塵舟這才沉下心來去探柳黛脈門,結果和蘇長青探查時一樣,眼前人就是白紙一張,什么也不會。
他收回手,席地而坐,直勾勾看著黑漆漆洞口思索半晌。
仿佛是終于想通了什么關隘,他從腰間抽一根拇指粗的竹筒,打開蓋,里頭跑出一只比先前蟲群生得更大的蠱蟲,顯然是母蠱,用以驅使蟲群。
只見那母蠱仿佛是得了令,落地便迅捷地往柳黛身上爬去。
蠱蟲借著衣帶爬上柳黛胸口,又順著身體起伏的曲線一路向上,細軟的觸角略過她蒼白的嘴唇,最終停在鼻息之間。
蠱蟲好斗,到死不休,如她體內(nèi)有蠱,那蠱蟲必定暴起,要與之一較高下。但眼下蠱蟲只一動不動地釘在柳黛人中處,不進也不退。
塵舟略想了想,便將呆愣愣的蠱蟲收回竹筒。
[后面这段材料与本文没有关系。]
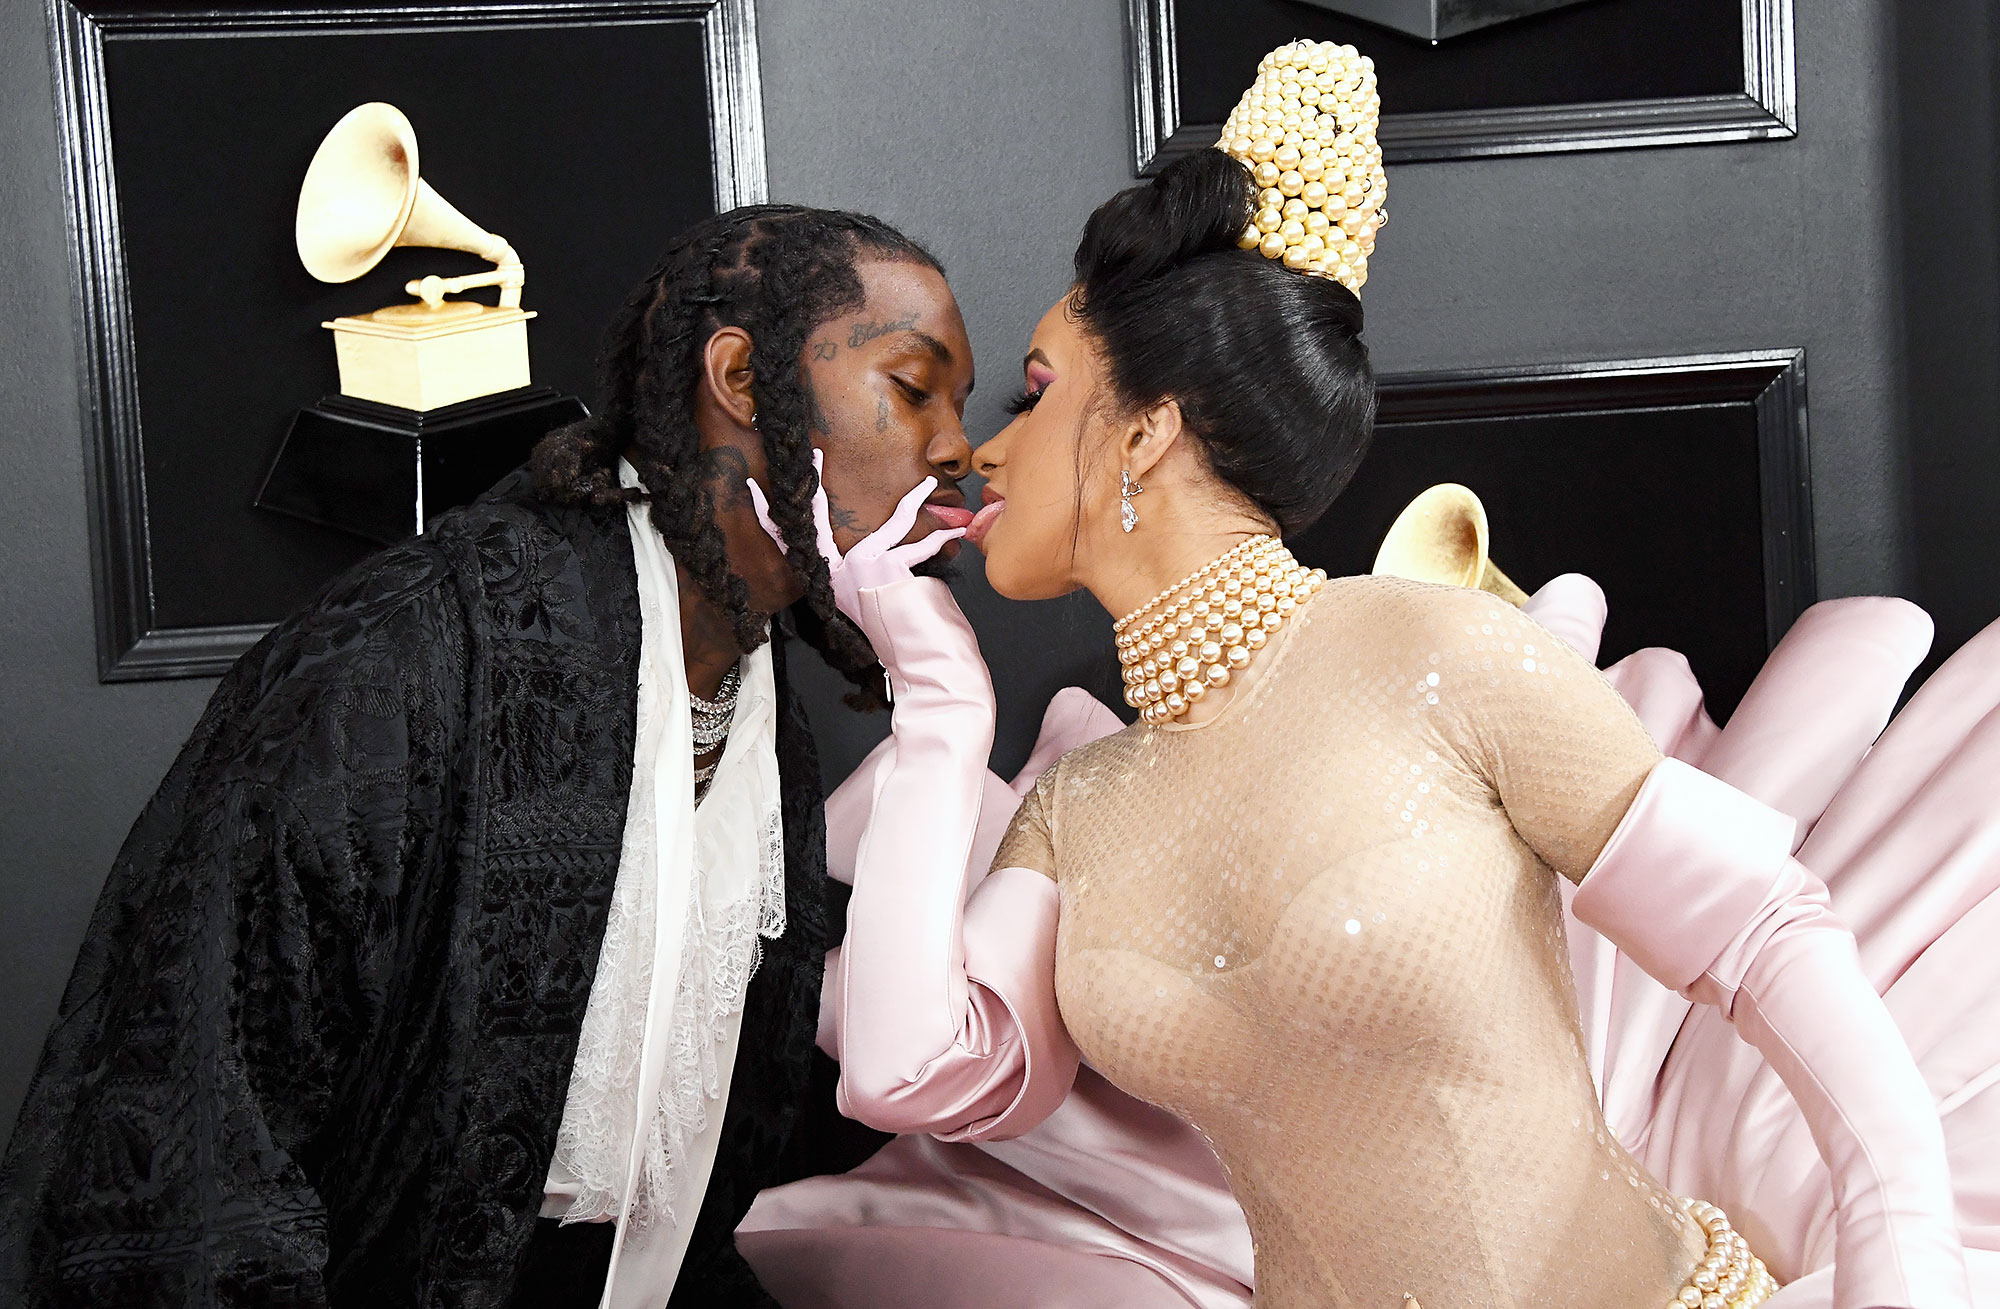 Grammys 2019 Cardi B, Offset Lick Each Other on the Red Carpet image

復又伸手探一次脈,皺眉觀察許久也未發(fā)現(xiàn)不妥之處,這才放下柳黛手腕,守夜到天明。
將近日出,客棧內(nèi)仍是一片狼藉,小二哥罵罵咧咧收拾東西,感嘆這鎮(zhèn)上二十年沒來過江湖人,結果是來一波倒一次霉,比蒙人砸得還狠。
受傷的不止陳懷安一個,但其他人只是刀劍傷,只有陳懷安身上瘢痕片片,被蟲咬過的皮膚泛出詭異的紅,月光下紅得幾乎要躍出火星子來。
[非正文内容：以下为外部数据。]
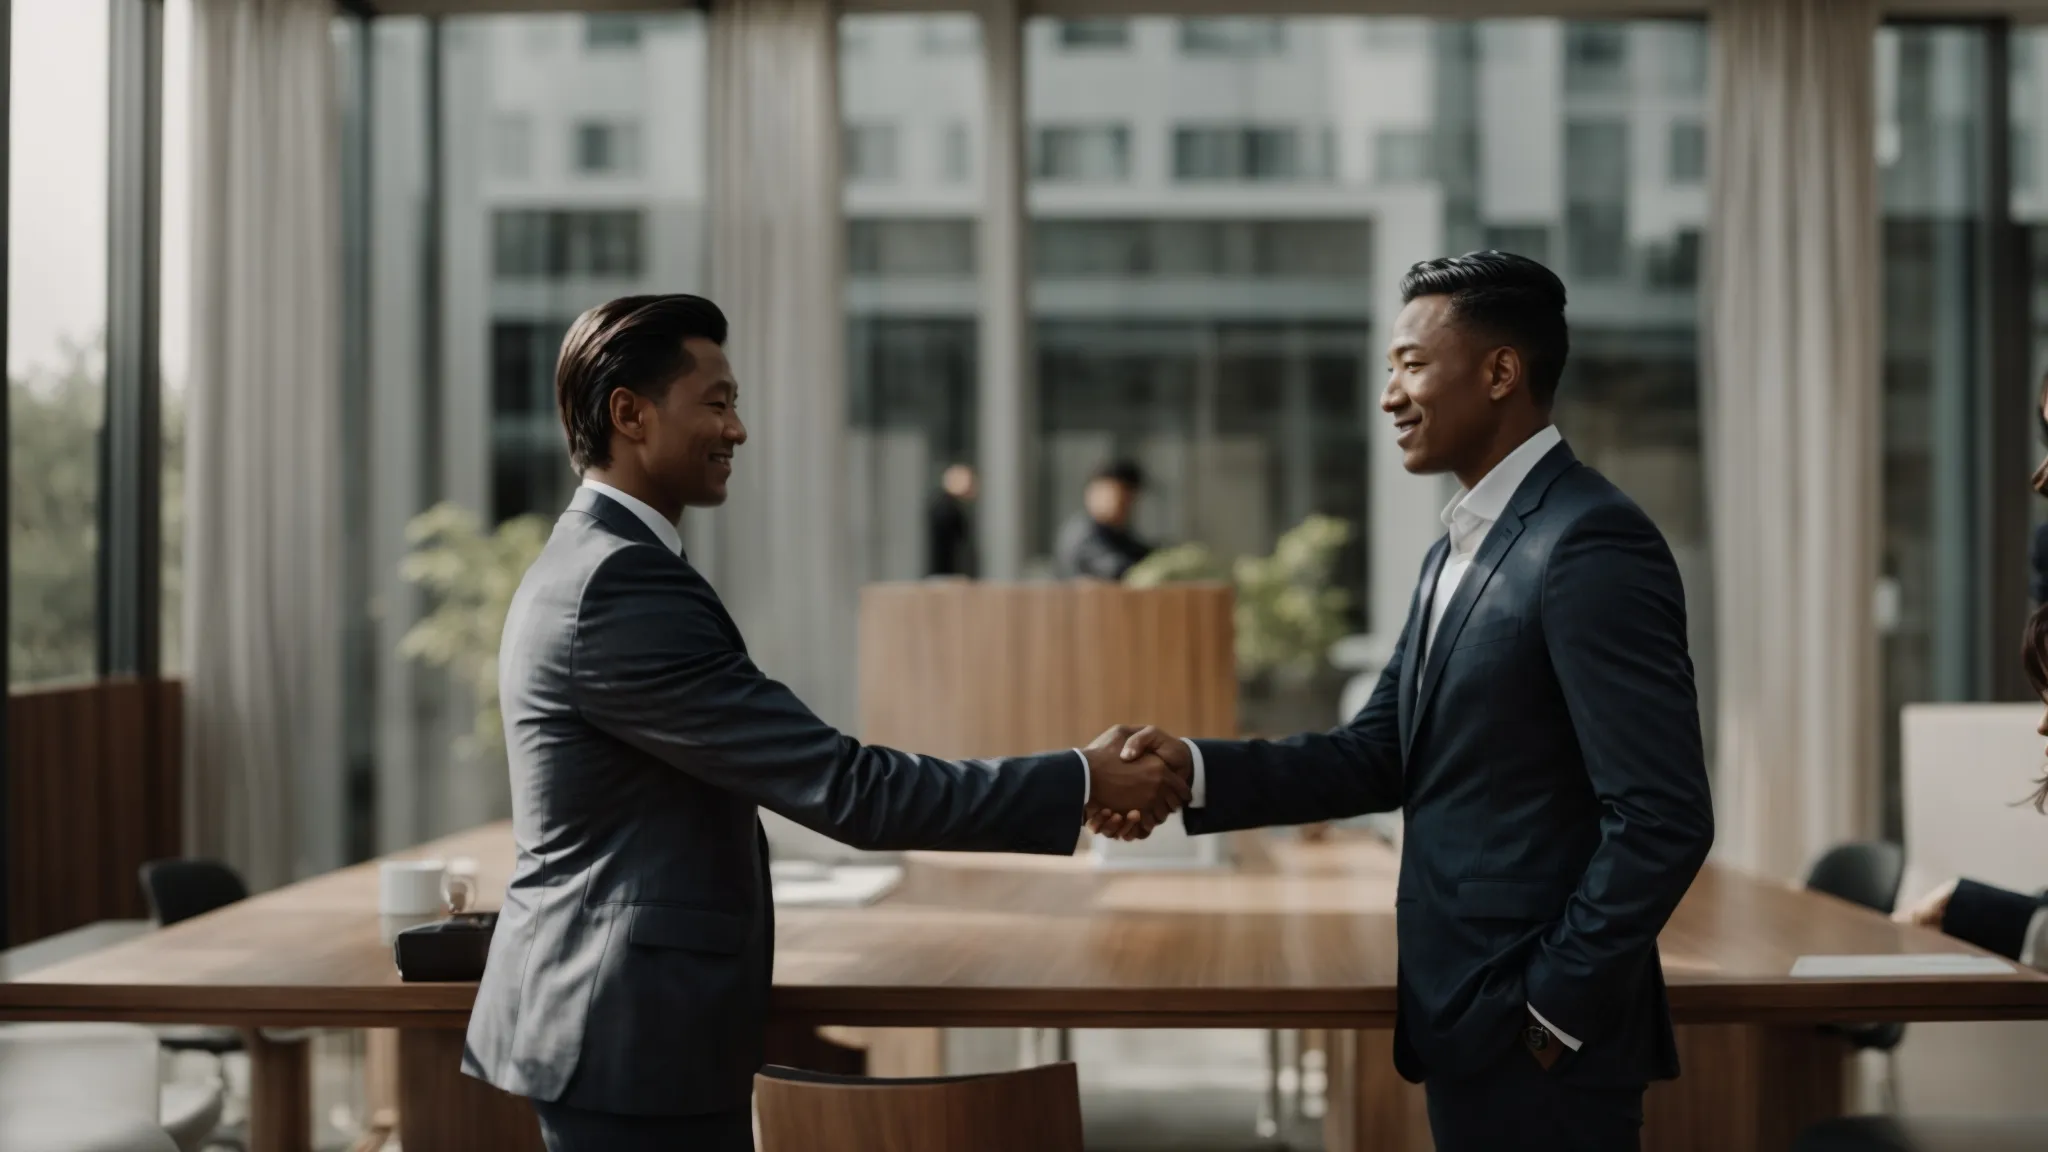 two business professionals shake hands across a table as a symbolic gesture of agreement after finalizing a thorough international contract.

門中專攻醫(yī)術的師弟單故劍看過了也連連搖頭,“這毒從未見過,放眼中原,也難找出能解毒之人。”
單故劍年紀比蘇長青還大些,不過入門晚,也要稱蘇長青一聲師兄。
“解鈴還須系鈴人。”單故劍說。
“得找到那幫苗人。”蘇長青眉頭緊鎖,心知邪門歪道難以對付,現(xiàn)下,明搶恐怕不是辦法。
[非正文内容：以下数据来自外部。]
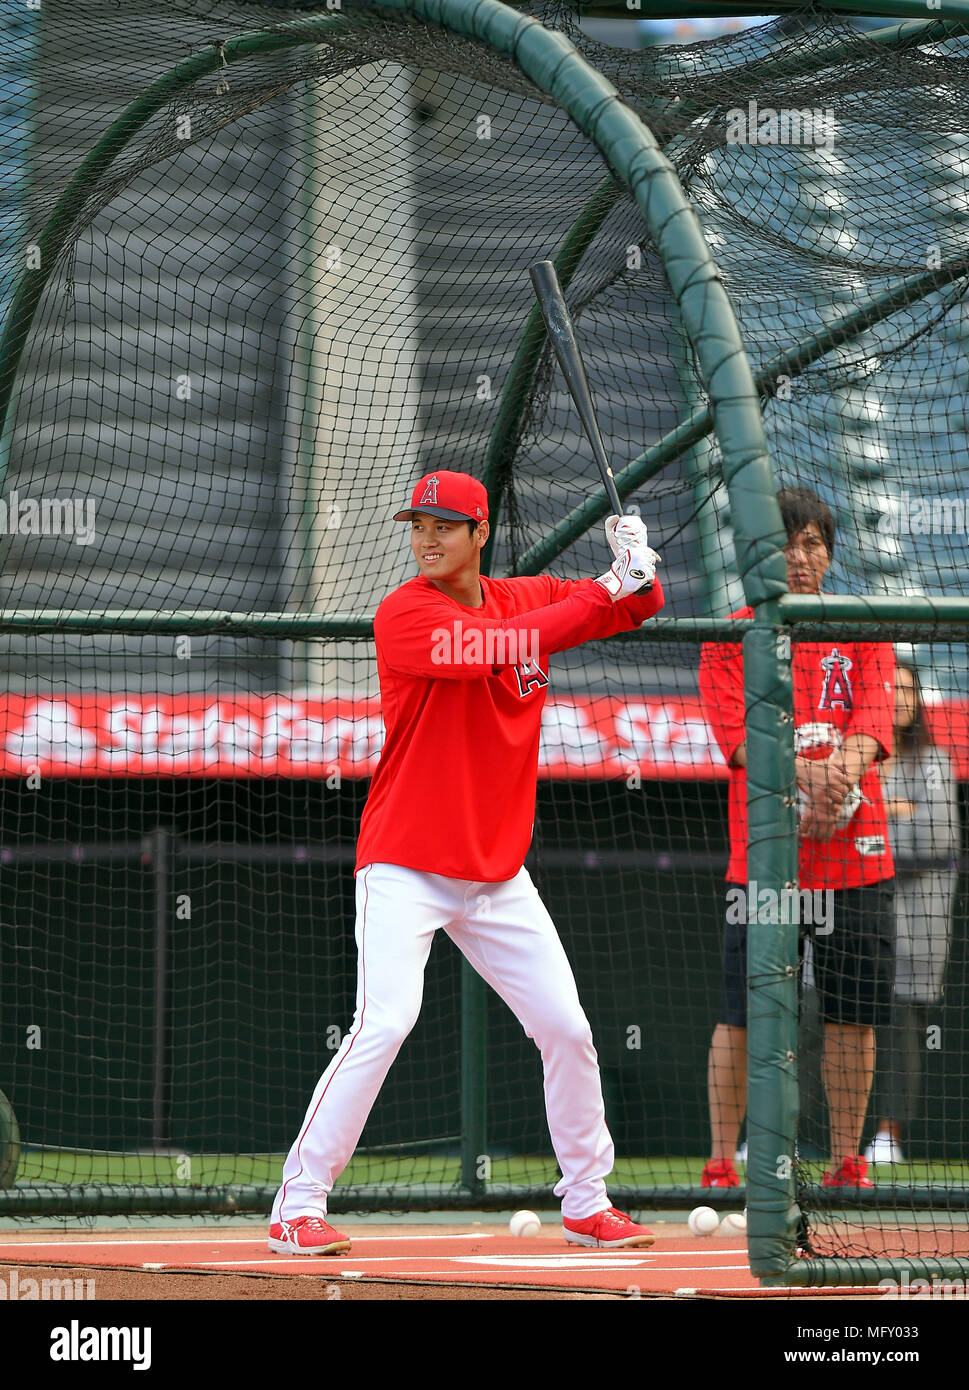 Shohei Ohtani of the Los Angeles Angels takes batting practice
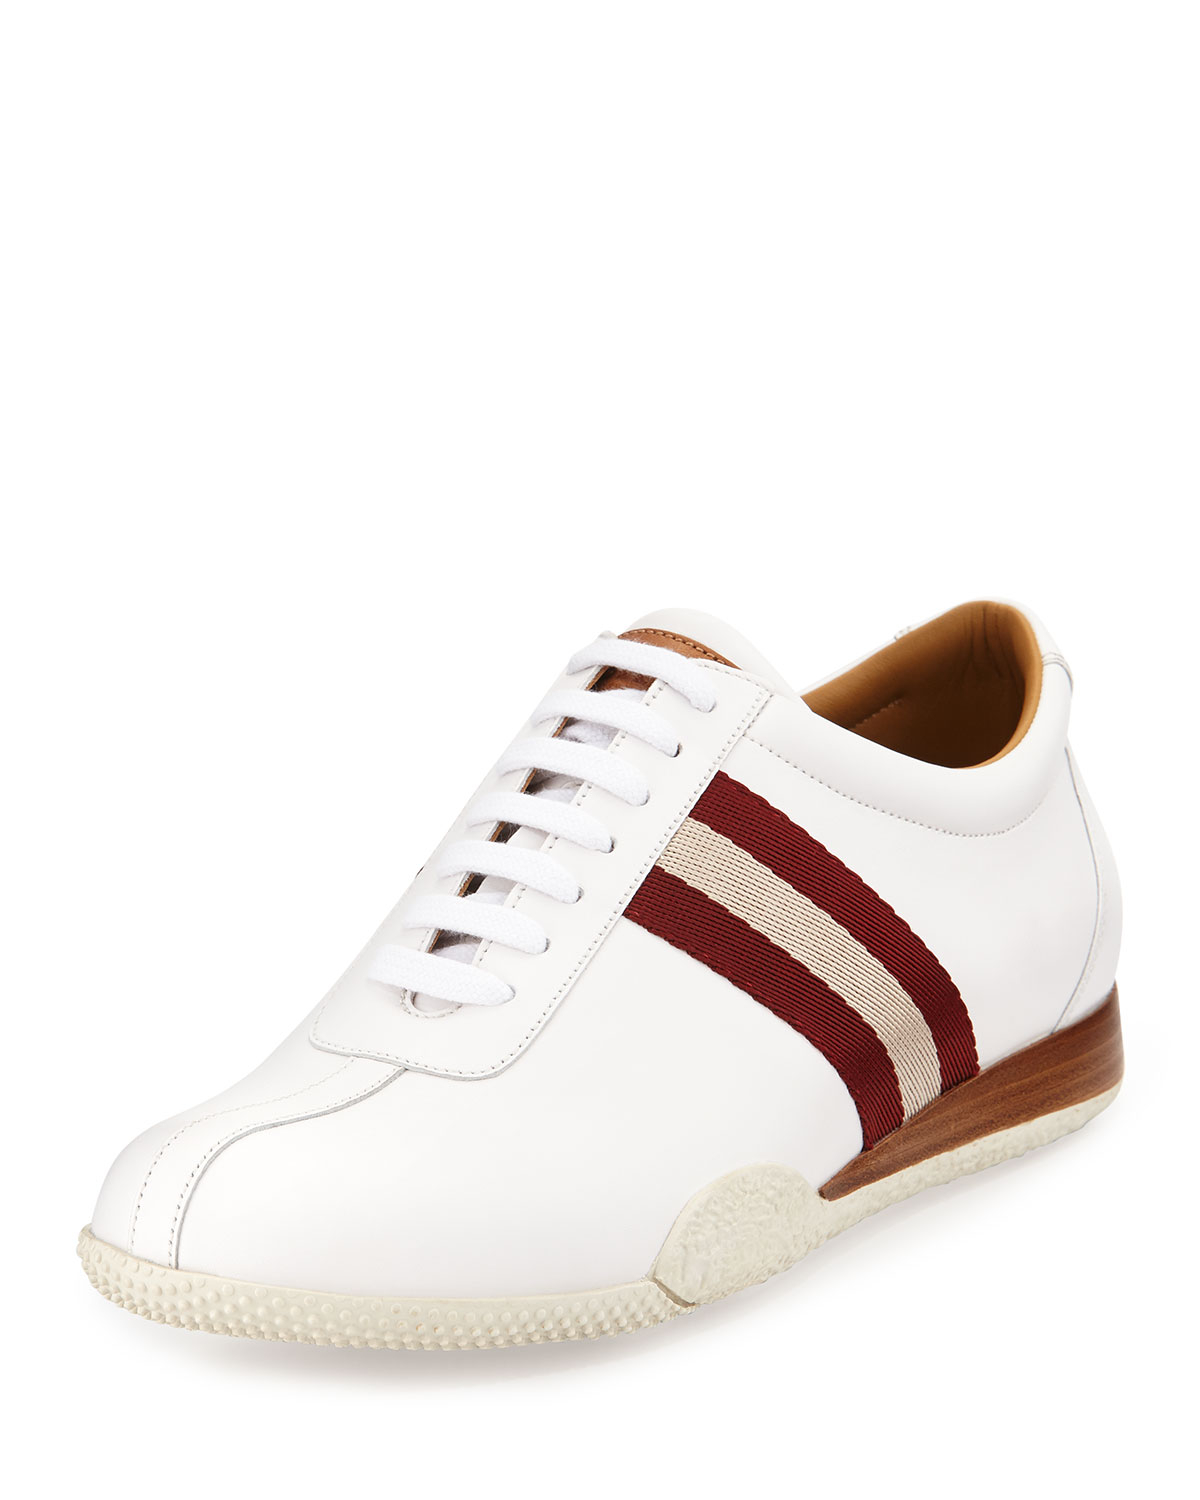 Bally Freenew Leather Sneakers in White for Men | Lyst

此時原本昏迷不醒的陳懷安突然翻騰起來,像是一條落在沙地里的魚,在床上翻來覆去不斷撲騰,口中喊著“娘啊……娘救救我…………我疼啊…………”
鄭彤慌忙沖到床邊,企圖安撫傷口似火灼的陳懷安,單故劍也一再探脈,但腦中空白,找不出解決之法,兩個人都只有轉過頭滿眼希冀的望向蘇長青。
蘇長青依舊皺著眉,整個人仿佛都融進了月光里,看不清喜怒。
陳懷安痛到極點,反而有了一瞬間的清明,他一把抓住蘇長青,繃直了揚起上半身向他靠去,“師兄…………”
他還剩最后一絲力氣。
“師兄……救我…………”
他像一座轟然倒塌的石像,突然倒回床上暈厥過去,再沒聲響。
鄭彤不斷喊著陳懷安的名字,不知不覺也哭得滿臉是淚。
蘇長青不敢看床上的人,他把視線落在斑駁的墻壁上,愣愣怔怔,旁人覺得他深沉老練,只有他自己知道,他腦中此刻一片空白。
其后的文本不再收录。